• Description of the task:
No pictures go into the copy. Write out exactly the lines below from the one containing "Rotpunkt Ceramic Kitchen" through the one containing "LitmusChaos logo".

• Dataset:
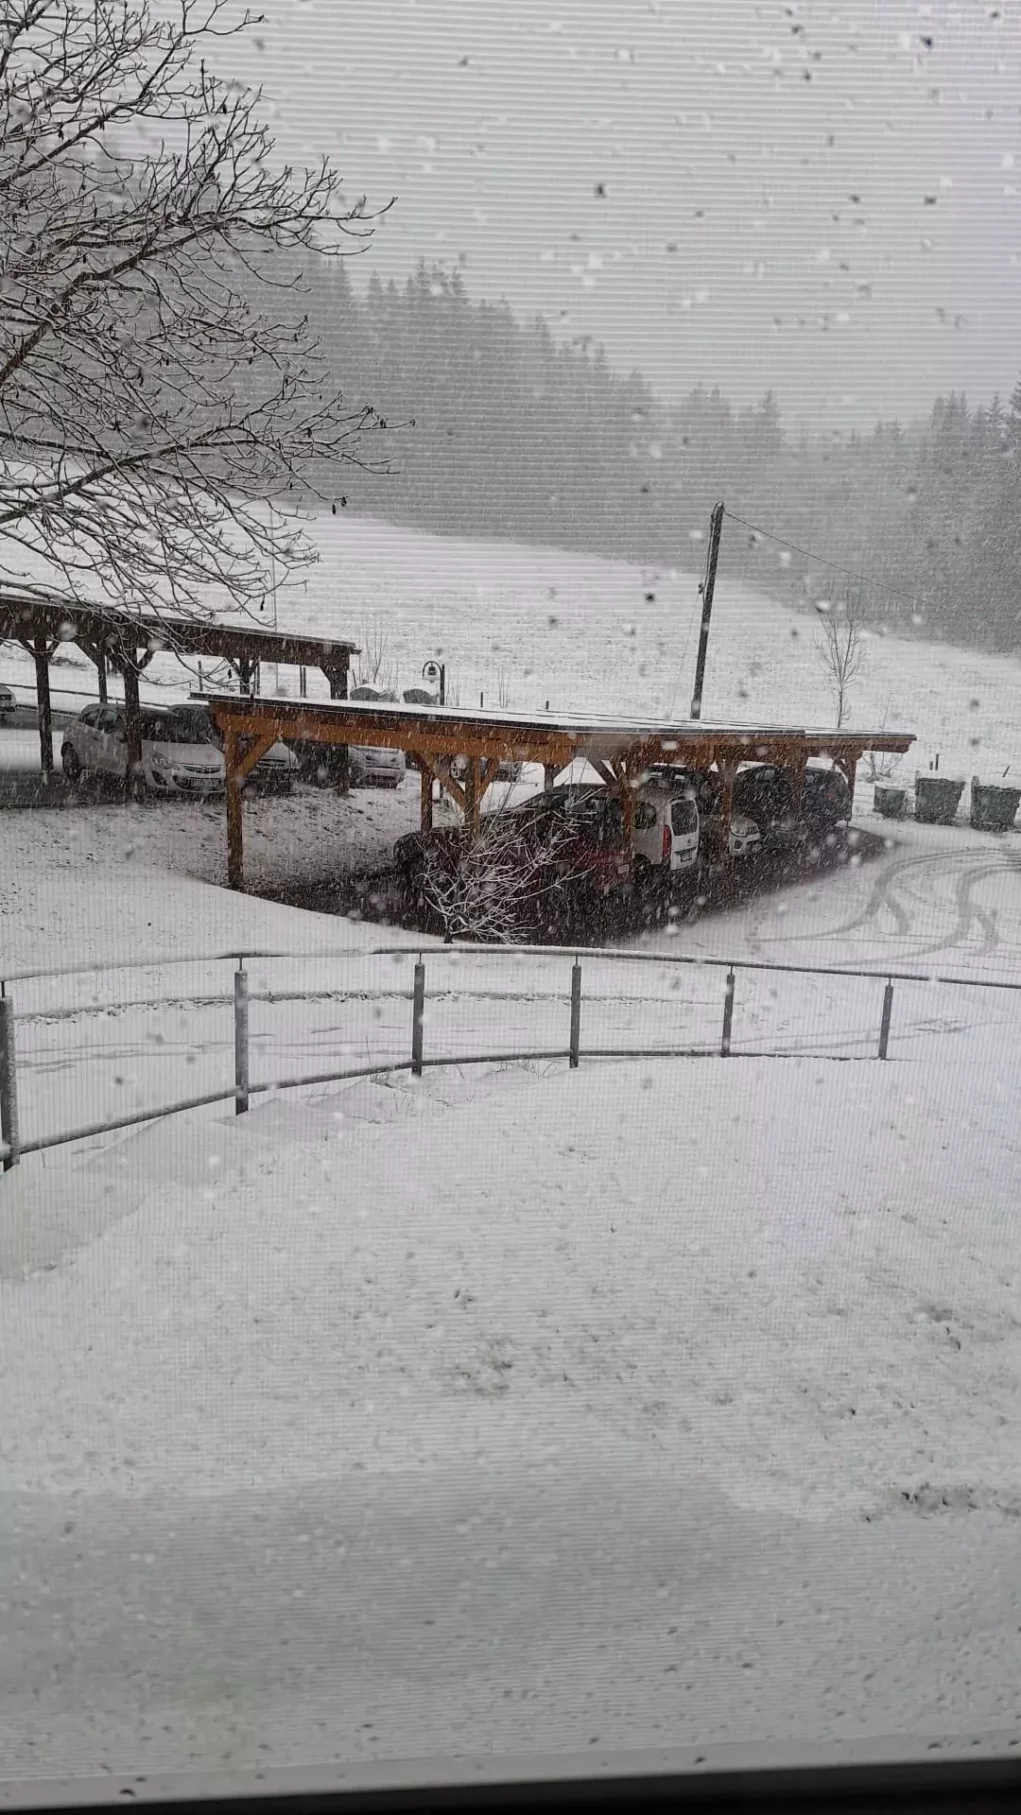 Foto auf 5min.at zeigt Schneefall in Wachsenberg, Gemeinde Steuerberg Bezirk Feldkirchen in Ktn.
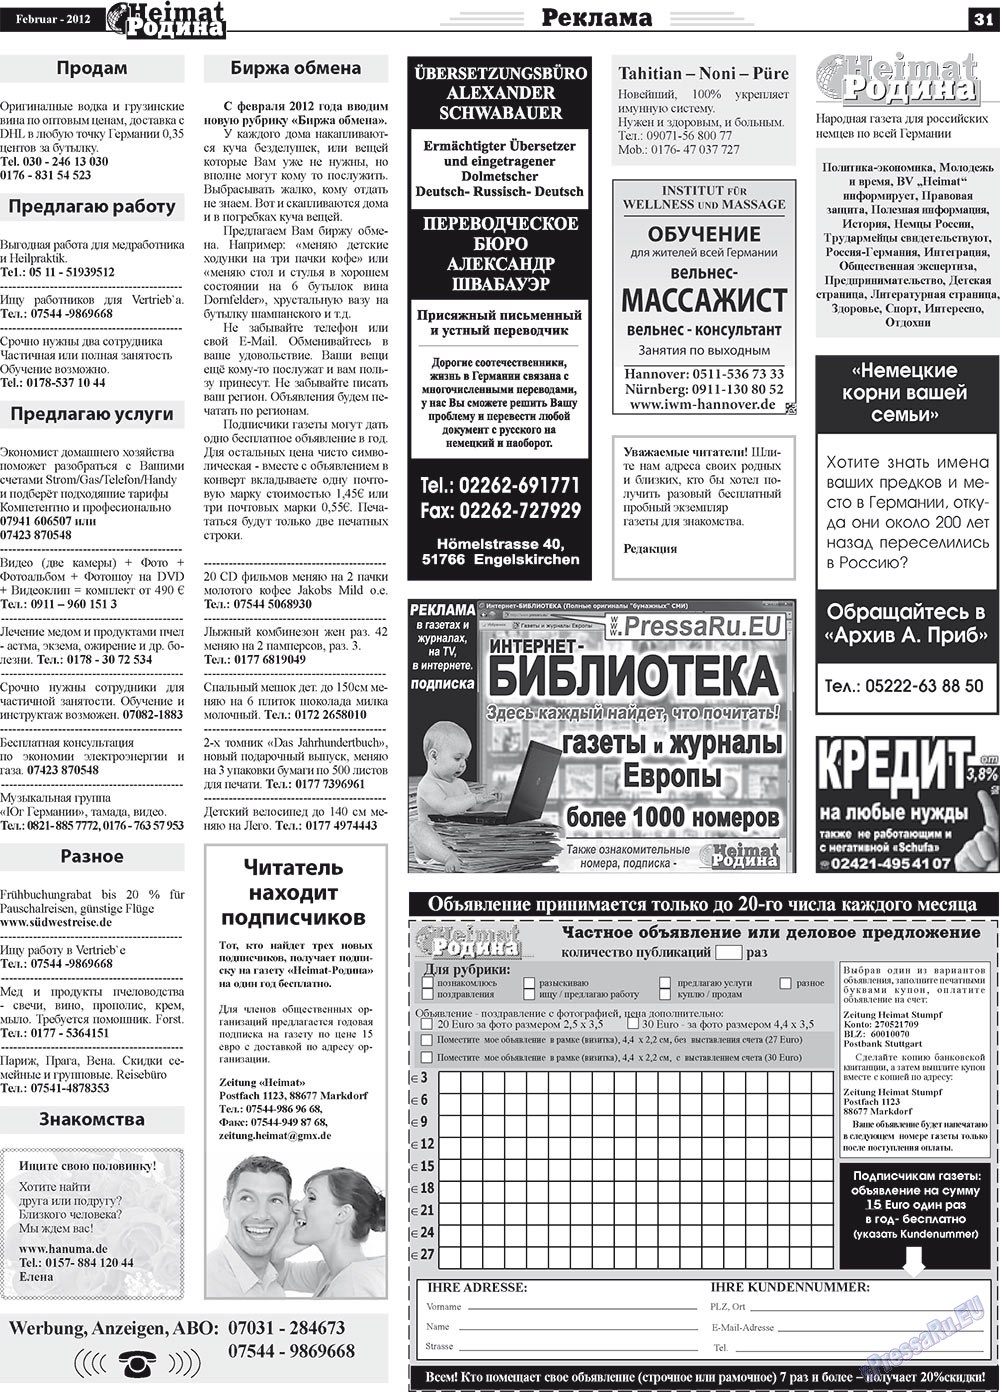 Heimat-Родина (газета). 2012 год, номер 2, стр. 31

* * *

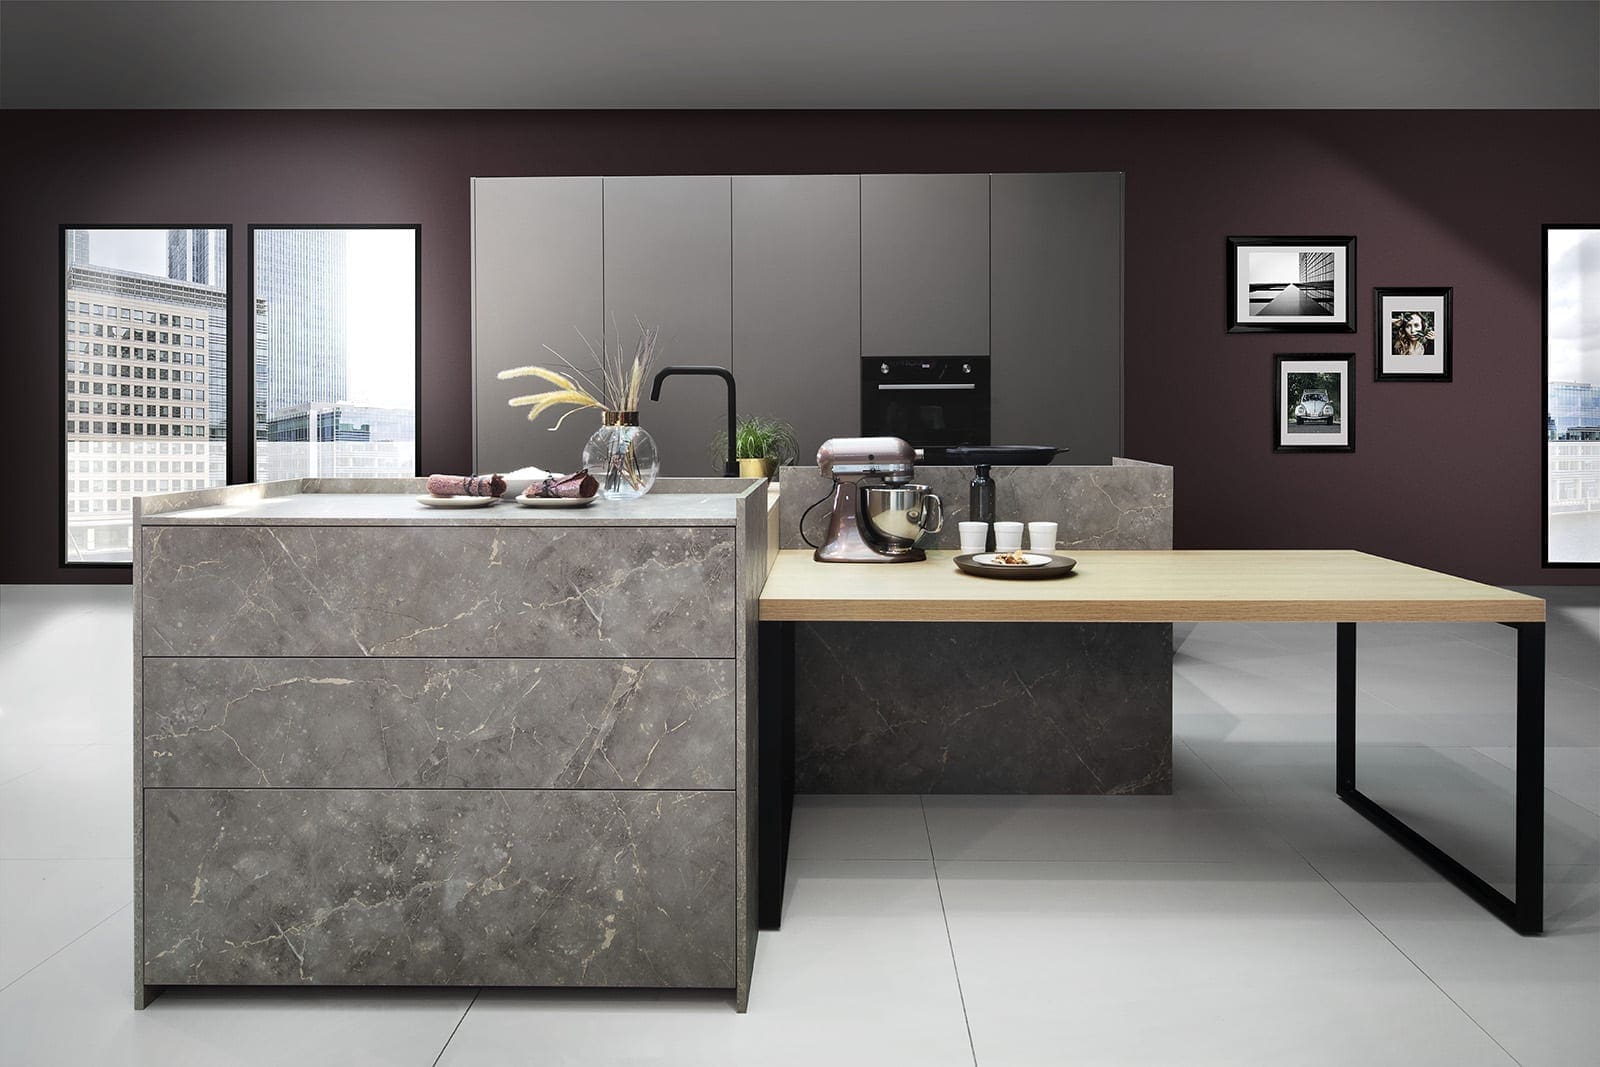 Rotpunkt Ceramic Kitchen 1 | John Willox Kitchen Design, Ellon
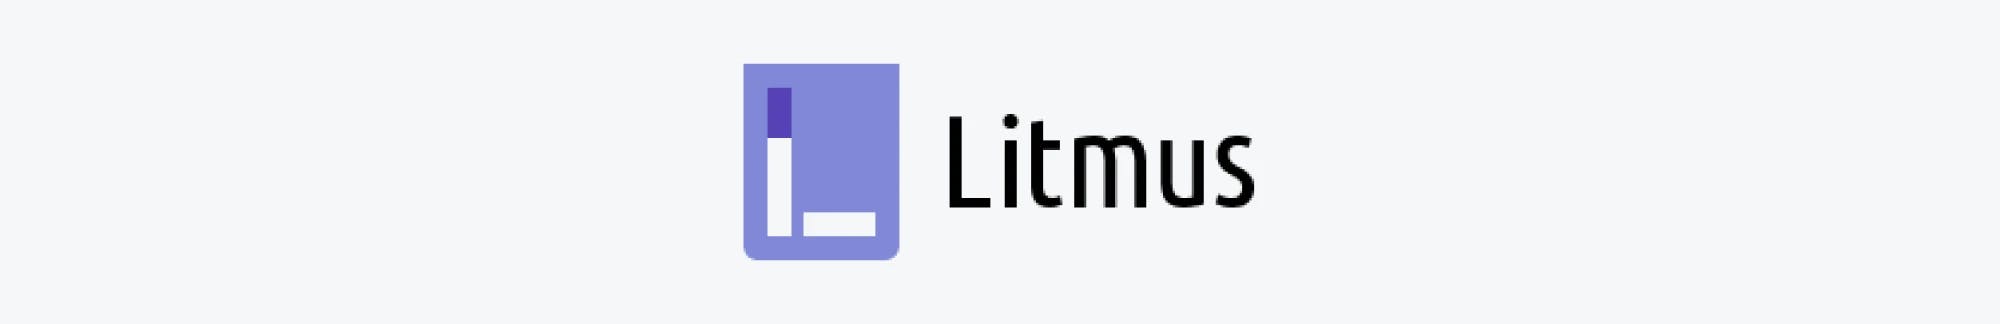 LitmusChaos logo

• Solution to this task:
 Rotpunkt Ceramic Kitchen 1 | John Willox Kitchen Design, Ellon
 LitmusChaos logo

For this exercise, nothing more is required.